Work instruction:
Leaving out all pictures, write out word for word the lines from the one containing "Marvel Captain America" to the end of the data below.

Provided material START

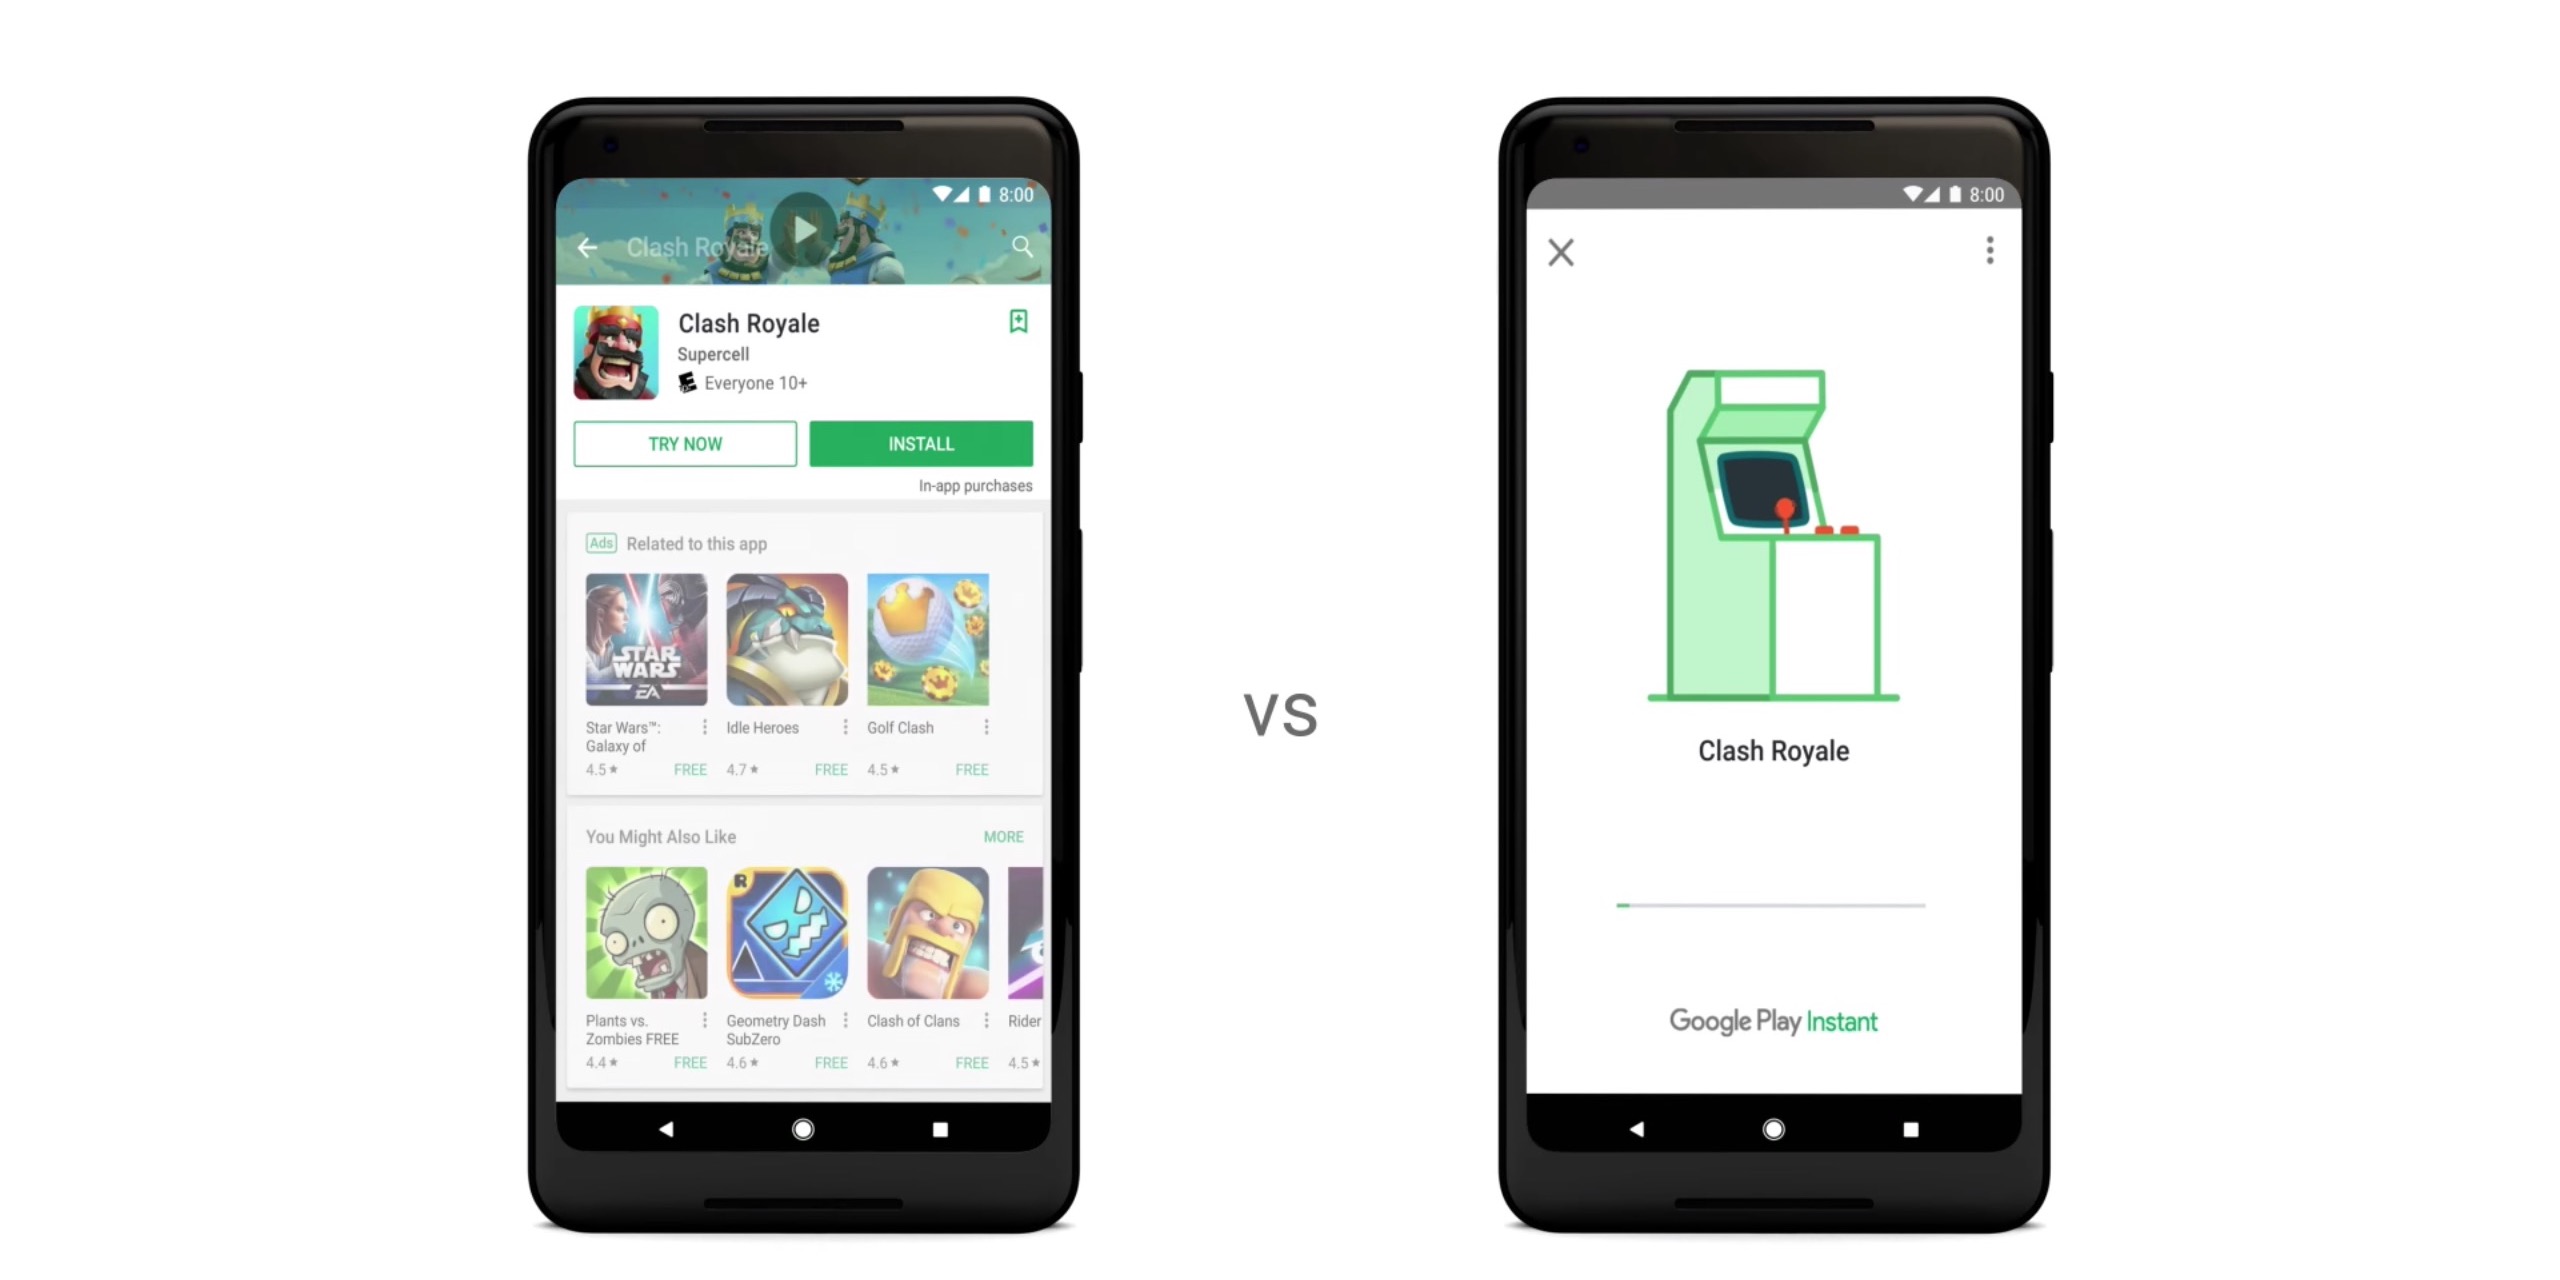 Instant Apps da Google trará anúncios e menos requisitos para apps e jogos  - Canaltech
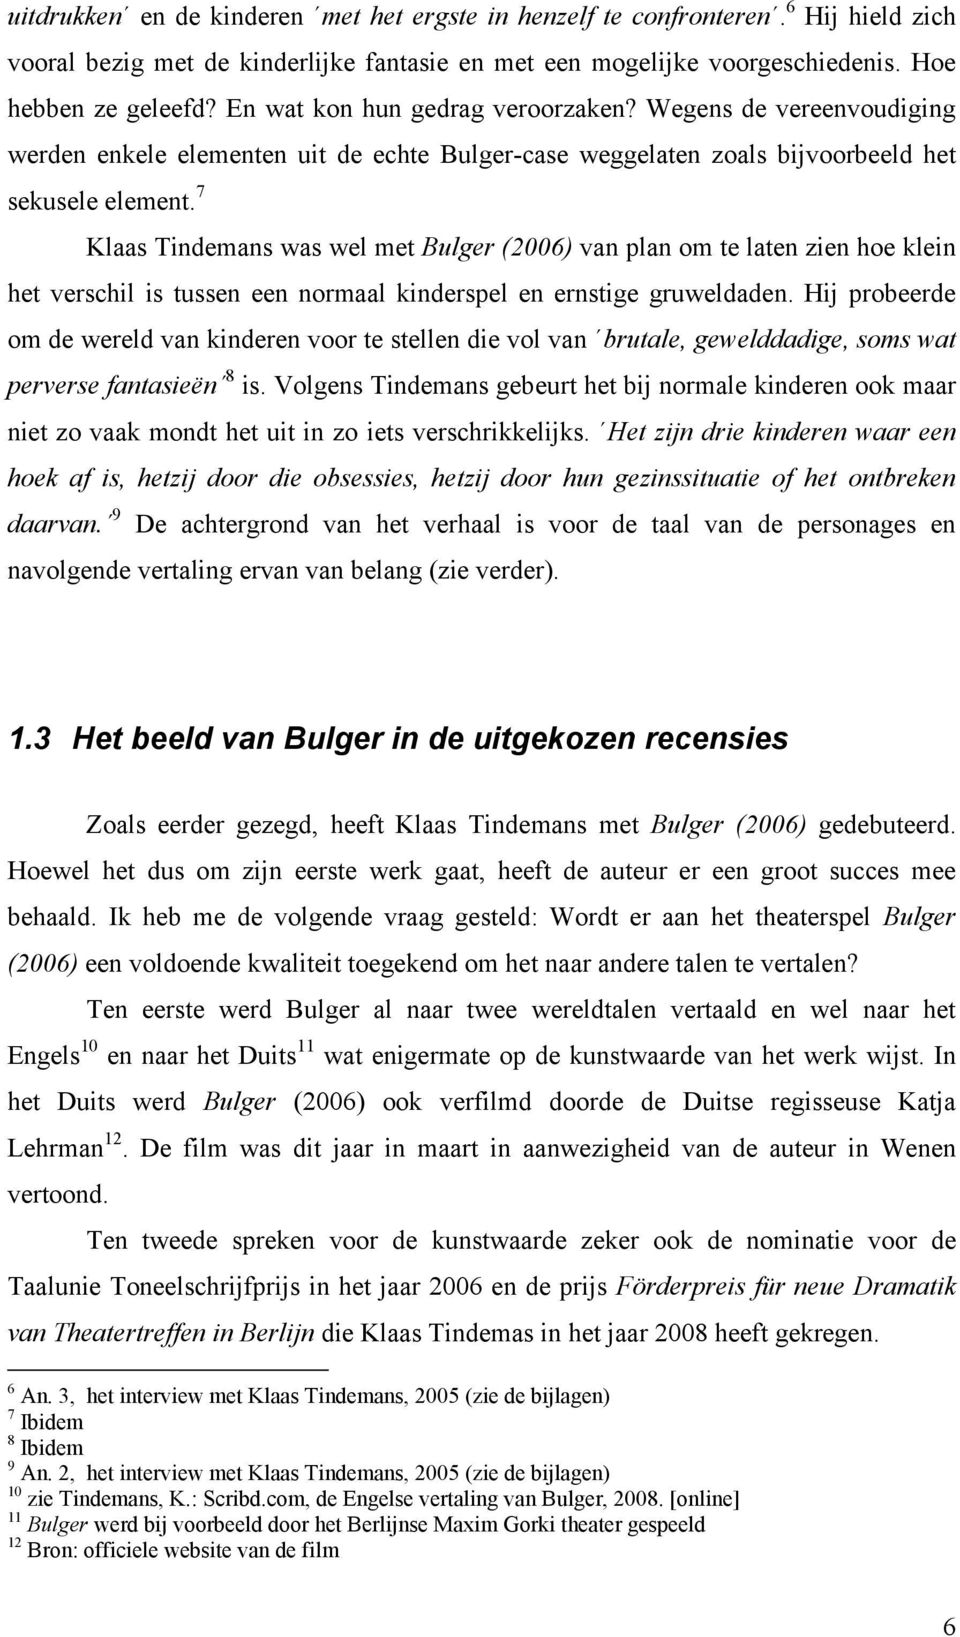 7 Klaas Tindemans was wel met Bulger (2006) van plan om te laten zien hoe klein het verschil is tussen een normaal kinderspel en ernstige gruweldaden.
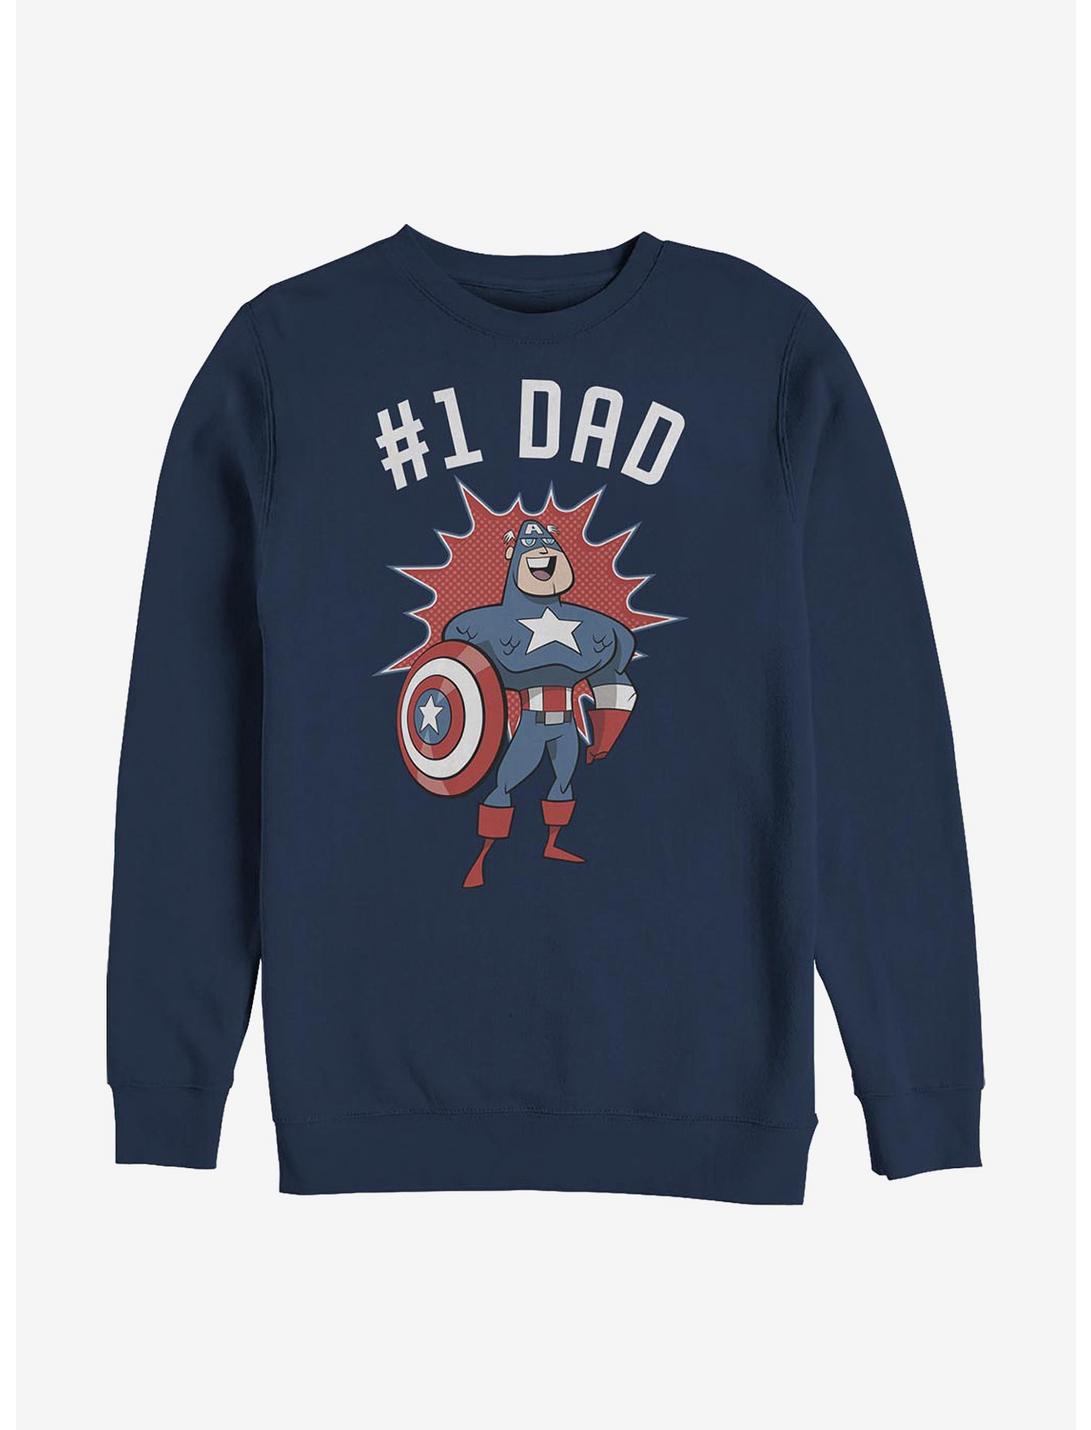 Marvel Captain America Number 1 Dad Crew Sweatshirt, NAVY, hi-res
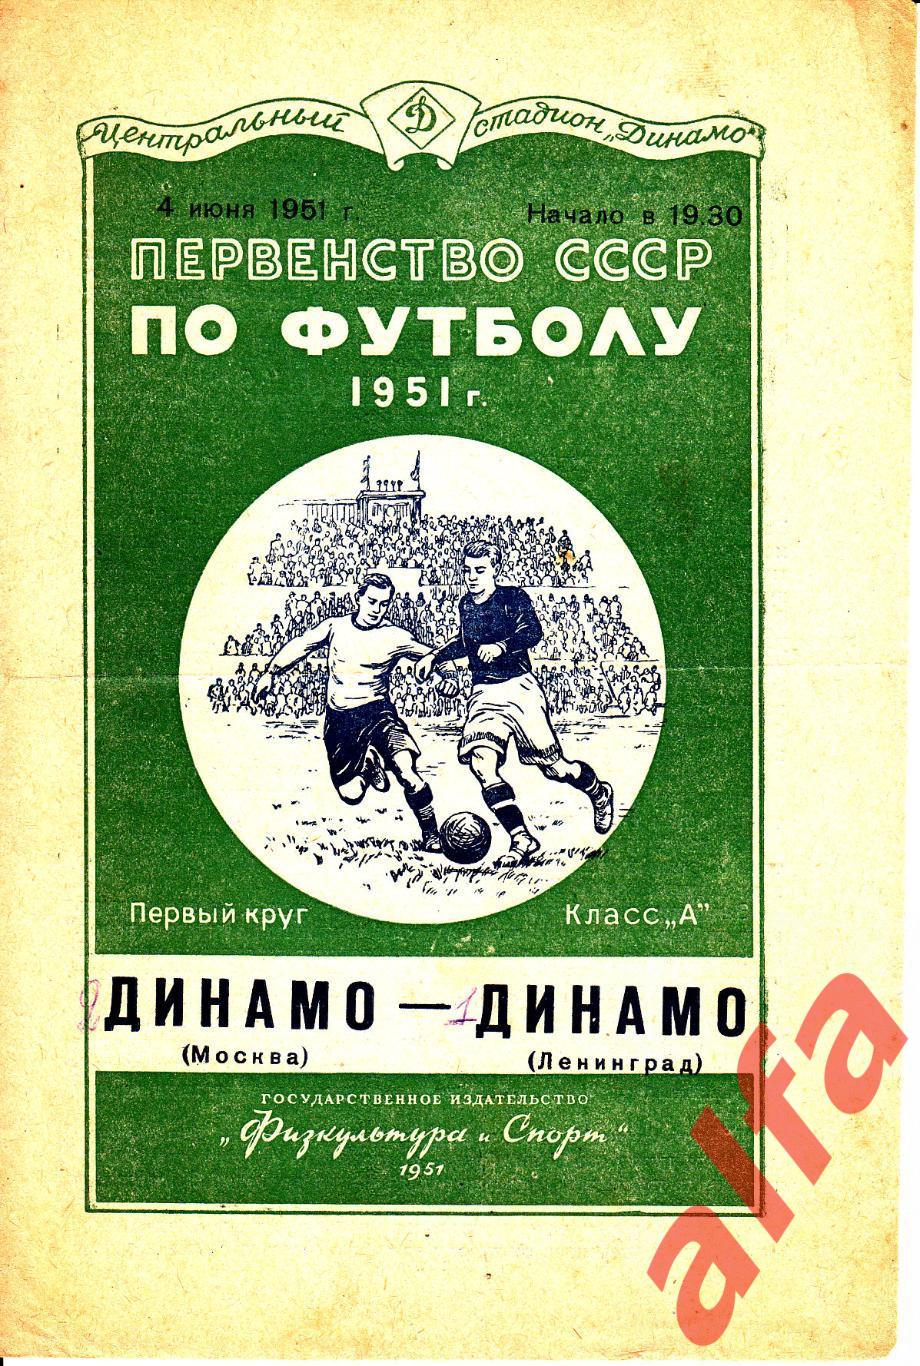 Динамо Москва - Динамо Ленинград 04.06.1951

Provided material END

Solution for this exercise:
 Marvel Captain America Number 1 Dad Crew Sweatshirt, NAVY, hi-res
 Динамо Москва - Динамо Ленинград 04.06.1951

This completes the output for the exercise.